> _Exercise aim_: Write out the whole listing exactly as it is written below.
********************
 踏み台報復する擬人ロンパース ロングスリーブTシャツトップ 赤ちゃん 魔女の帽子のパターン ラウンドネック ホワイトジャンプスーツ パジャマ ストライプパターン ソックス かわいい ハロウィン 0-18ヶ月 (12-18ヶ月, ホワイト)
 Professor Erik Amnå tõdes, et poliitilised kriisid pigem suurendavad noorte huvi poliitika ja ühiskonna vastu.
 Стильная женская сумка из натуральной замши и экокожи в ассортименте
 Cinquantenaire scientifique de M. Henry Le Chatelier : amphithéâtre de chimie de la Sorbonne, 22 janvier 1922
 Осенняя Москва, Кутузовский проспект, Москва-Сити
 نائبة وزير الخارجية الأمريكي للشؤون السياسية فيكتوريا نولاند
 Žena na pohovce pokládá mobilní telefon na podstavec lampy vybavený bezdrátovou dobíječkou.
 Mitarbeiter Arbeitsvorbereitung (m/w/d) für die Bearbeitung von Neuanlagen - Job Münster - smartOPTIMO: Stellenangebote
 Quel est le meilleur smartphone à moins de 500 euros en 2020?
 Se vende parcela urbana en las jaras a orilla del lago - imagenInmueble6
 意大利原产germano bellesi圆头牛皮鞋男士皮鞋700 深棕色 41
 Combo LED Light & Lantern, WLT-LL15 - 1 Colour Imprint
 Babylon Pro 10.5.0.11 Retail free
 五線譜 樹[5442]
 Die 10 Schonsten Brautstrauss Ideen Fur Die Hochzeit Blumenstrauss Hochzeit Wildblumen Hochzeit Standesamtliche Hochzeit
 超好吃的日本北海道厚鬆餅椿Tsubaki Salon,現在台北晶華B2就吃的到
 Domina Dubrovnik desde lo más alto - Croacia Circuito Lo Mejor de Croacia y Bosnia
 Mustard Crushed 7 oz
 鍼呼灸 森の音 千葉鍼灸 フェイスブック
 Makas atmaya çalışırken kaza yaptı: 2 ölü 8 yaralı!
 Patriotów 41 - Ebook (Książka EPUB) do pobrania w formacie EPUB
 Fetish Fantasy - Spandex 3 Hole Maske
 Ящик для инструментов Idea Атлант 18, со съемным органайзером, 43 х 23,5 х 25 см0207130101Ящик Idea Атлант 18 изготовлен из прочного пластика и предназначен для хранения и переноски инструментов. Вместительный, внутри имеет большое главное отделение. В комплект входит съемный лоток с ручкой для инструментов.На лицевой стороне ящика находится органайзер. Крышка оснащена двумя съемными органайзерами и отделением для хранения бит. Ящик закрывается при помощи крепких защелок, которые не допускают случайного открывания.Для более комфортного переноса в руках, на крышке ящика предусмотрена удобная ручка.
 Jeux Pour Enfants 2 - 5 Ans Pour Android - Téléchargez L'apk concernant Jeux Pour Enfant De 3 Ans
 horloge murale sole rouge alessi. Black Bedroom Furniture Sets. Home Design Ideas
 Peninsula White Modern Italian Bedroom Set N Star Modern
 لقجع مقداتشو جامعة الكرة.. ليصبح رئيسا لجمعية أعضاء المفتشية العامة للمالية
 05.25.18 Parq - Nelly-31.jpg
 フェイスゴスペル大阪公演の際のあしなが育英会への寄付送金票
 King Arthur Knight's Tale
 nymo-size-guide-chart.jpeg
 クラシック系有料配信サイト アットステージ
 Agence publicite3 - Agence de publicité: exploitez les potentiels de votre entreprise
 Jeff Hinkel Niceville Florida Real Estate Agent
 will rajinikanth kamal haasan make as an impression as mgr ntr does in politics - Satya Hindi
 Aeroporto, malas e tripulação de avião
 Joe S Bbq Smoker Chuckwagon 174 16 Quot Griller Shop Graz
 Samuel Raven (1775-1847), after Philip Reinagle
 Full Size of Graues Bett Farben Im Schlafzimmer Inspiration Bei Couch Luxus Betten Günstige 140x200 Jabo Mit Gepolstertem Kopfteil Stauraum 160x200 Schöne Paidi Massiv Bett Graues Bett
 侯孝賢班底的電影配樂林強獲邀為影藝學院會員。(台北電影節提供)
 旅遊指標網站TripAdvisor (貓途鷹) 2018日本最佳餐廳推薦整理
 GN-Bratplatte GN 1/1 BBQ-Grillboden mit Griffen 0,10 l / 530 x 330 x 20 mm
********************
> _Answer to the exercise_:
 踏み台報復する擬人ロンパース ロングスリーブTシャツトップ 赤ちゃん 魔女の帽子のパターン ラウンドネック ホワイトジャンプスーツ パジャマ ストライプパターン ソックス かわいい ハロウィン 0-18ヶ月 (12-18ヶ月, ホワイト)
 Professor Erik Amnå tõdes, et poliitilised kriisid pigem suurendavad noorte huvi poliitika ja ühiskonna vastu.
 Стильная женская сумка из натуральной замши и экокожи в ассортименте
 Cinquantenaire scientifique de M. Henry Le Chatelier : amphithéâtre de chimie de la Sorbonne, 22 janvier 1922
 Осенняя Москва, Кутузовский проспект, Москва-Сити
 نائبة وزير الخارجية الأمريكي للشؤون السياسية فيكتوريا نولاند
 Žena na pohovce pokládá mobilní telefon na podstavec lampy vybavený bezdrátovou dobíječkou.
 Mitarbeiter Arbeitsvorbereitung (m/w/d) für die Bearbeitung von Neuanlagen - Job Münster - smartOPTIMO: Stellenangebote
 Quel est le meilleur smartphone à moins de 500 euros en 2020?
 Se vende parcela urbana en las jaras a orilla del lago - imagenInmueble6
 意大利原产germano bellesi圆头牛皮鞋男士皮鞋700 深棕色 41
 Combo LED Light & Lantern, WLT-LL15 - 1 Colour Imprint
 Babylon Pro 10.5.0.11 Retail free
 五線譜 樹[5442]
 Die 10 Schonsten Brautstrauss Ideen Fur Die Hochzeit Blumenstrauss Hochzeit Wildblumen Hochzeit Standesamtliche Hochzeit
 超好吃的日本北海道厚鬆餅椿Tsubaki Salon,現在台北晶華B2就吃的到
 Domina Dubrovnik desde lo más alto - Croacia Circuito Lo Mejor de Croacia y Bosnia
 Mustard Crushed 7 oz
 鍼呼灸 森の音 千葉鍼灸 フェイスブック
 Makas atmaya çalışırken kaza yaptı: 2 ölü 8 yaralı!
 Patriotów 41 - Ebook (Książka EPUB) do pobrania w formacie EPUB
 Fetish Fantasy - Spandex 3 Hole Maske
 Ящик для инструментов Idea Атлант 18, со съемным органайзером, 43 х 23,5 х 25 см0207130101Ящик Idea Атлант 18 изготовлен из прочного пластика и предназначен для хранения и переноски инструментов. Вместительный, внутри имеет большое главное отделение. В комплект входит съемный лоток с ручкой для инструментов.На лицевой стороне ящика находится органайзер. Крышка оснащена двумя съемными органайзерами и отделением для хранения бит. Ящик закрывается при помощи крепких защелок, которые не допускают случайного открывания.Для более комфортного переноса в руках, на крышке ящика предусмотрена удобная ручка.
 Jeux Pour Enfants 2 - 5 Ans Pour Android - Téléchargez L'apk concernant Jeux Pour Enfant De 3 Ans
 horloge murale sole rouge alessi. Black Bedroom Furniture Sets. Home Design Ideas
 Peninsula White Modern Italian Bedroom Set N Star Modern
 لقجع مقداتشو جامعة الكرة.. ليصبح رئيسا لجمعية أعضاء المفتشية العامة للمالية
 05.25.18 Parq - Nelly-31.jpg
 フェイスゴスペル大阪公演の際のあしなが育英会への寄付送金票
 King Arthur Knight's Tale
 nymo-size-guide-chart.jpeg
 クラシック系有料配信サイト アットステージ
 Agence publicite3 - Agence de publicité: exploitez les potentiels de votre entreprise
 Jeff Hinkel Niceville Florida Real Estate Agent
 will rajinikanth kamal haasan make as an impression as mgr ntr does in politics - Satya Hindi
 Aeroporto, malas e tripulação de avião
 Joe S Bbq Smoker Chuckwagon 174 16 Quot Griller Shop Graz
 Samuel Raven (1775-1847), after Philip Reinagle
 Full Size of Graues Bett Farben Im Schlafzimmer Inspiration Bei Couch Luxus Betten Günstige 140x200 Jabo Mit Gepolstertem Kopfteil Stauraum 160x200 Schöne Paidi Massiv Bett Graues Bett
 侯孝賢班底的電影配樂林強獲邀為影藝學院會員。(台北電影節提供)
 旅遊指標網站TripAdvisor (貓途鷹) 2018日本最佳餐廳推薦整理
 GN-Bratplatte GN 1/1 BBQ-Grillboden mit Griffen 0,10 l / 530 x 330 x 20 mm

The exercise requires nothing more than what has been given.